I'll let you in on a news flash. No business pays any tax. The customer is the one who pays the tax, the business is just the conduit for the government to get the tax from the people.
Technically the business does pay taxes. Just not sales tax. All products have a MSRP ( manufacturer suggested retail price ) which is usually higher than than the actual selling price. If you didn't have to pay taxes, the product would still sell for the same amount and you'd make more money.
Pardon the interruption, but this may be a teachable moment. (Old habits die hard.
)
The economic incidence of a tax on a product or service does not equate to the statutory incidence, but rather depends on how responsive consumers and producers are to price changes (i.e., relative demand and supply elasticities).
Suppose there was a $1/gallon increase in the federal tax on gasoline. The demand for gasoline is relatively inelastic compared to the supply of gasoline. so Panel 1 below is relevant. Virtually all of that tax increase will be borne by consumers.
Congress discovered that the demand for luxury yachts is elastic relative to the supply of those yachts (Panel 2) when they passed a luxury tax on yachts in 1990.

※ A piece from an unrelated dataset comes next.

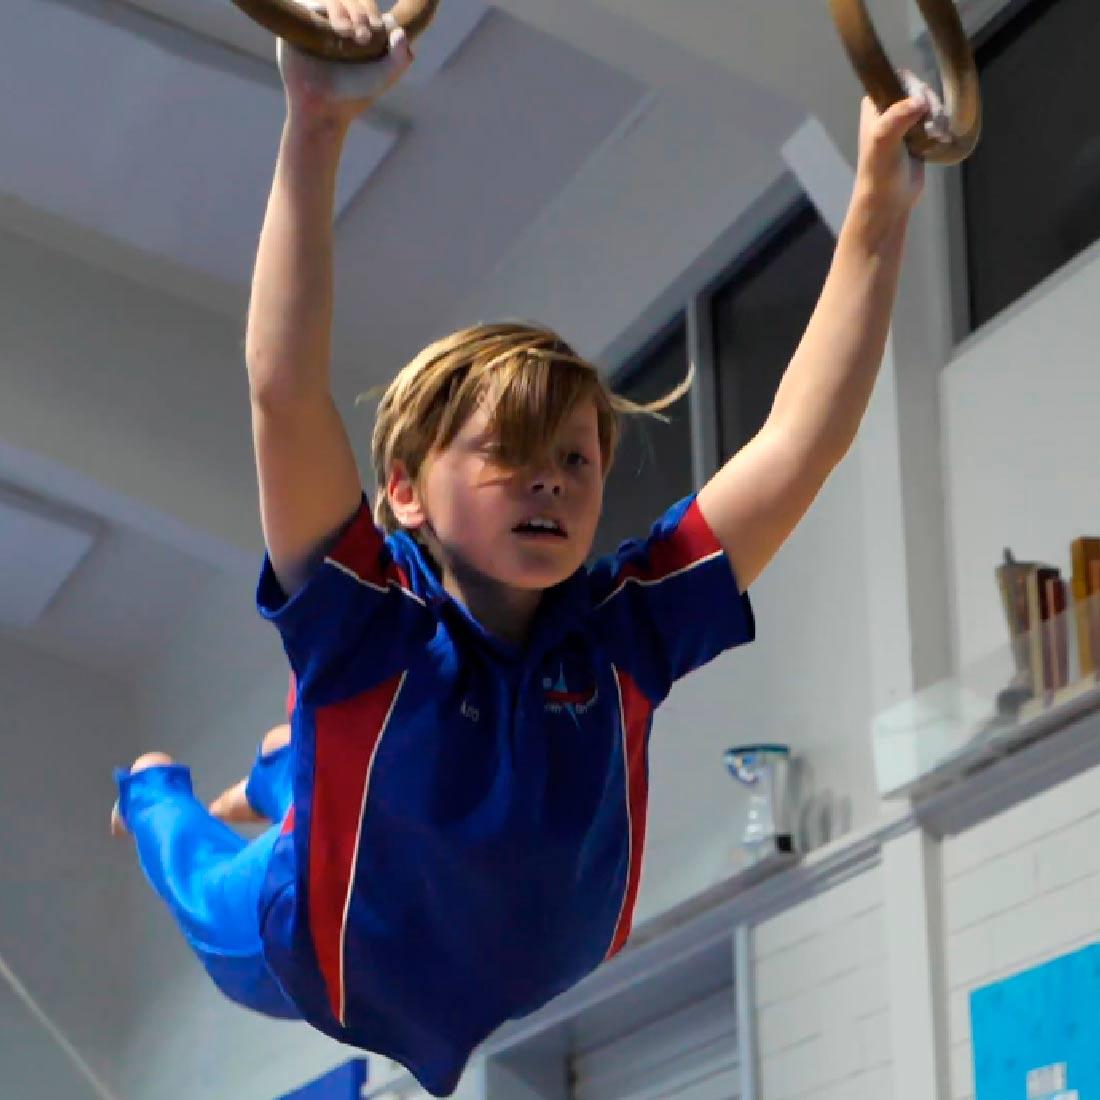 Gymnastics – Male Artistic Gymnastics

"Within eight months after the change in the law took effect, Viking Yachts, the largest U.S. yacht manufacturer, laid off 1,140 of its 1,400 employees and closed one of its two manufacturing plants. Before it was all over, Viking Yachts was down to 68 employees. In the first year, one-third of U.S. yacht-building companies stopped production, and according to a report by the congressional Joint Economic Committee, the industry lost 7,600 jobs. When it was over, 25,000 workers had lost their jobs building yachts, and 75,000 more jobs were lost in companies that supplied yacht parts and material. Ocean Yachts trimmed its workforce from 350 to 50. Egg Harbor Yachts went from 200 employees to five and later filed for bankruptcy. The U.S., which had been a net exporter of yachts, became a net importer as U.S. companies closed. Jobs shifted to companies in Europe and the Bahamas. The U.S. Treasury collected zero revenue from the sales driven overseas."
The tax legislation was repealed in 1993.